Supplied entries:
************
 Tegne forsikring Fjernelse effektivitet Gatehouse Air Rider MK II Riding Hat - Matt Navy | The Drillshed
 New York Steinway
************
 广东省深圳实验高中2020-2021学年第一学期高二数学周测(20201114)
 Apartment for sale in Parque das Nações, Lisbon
************
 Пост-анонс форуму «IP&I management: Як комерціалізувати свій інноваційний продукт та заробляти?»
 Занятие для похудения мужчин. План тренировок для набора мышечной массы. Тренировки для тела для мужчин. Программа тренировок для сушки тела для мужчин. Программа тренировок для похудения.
************
Task item:
In the listing above, find the line containing "广东省深圳实验高中2020-2021学年" and the line containing "Apartment for sale", then retype both and every line between them exactly, with nothing else.

Task response:
 广东省深圳实验高中2020-2021学年第一学期高二数学周测(20201114)
 Apartment for sale in Parque das Nações, Lisbon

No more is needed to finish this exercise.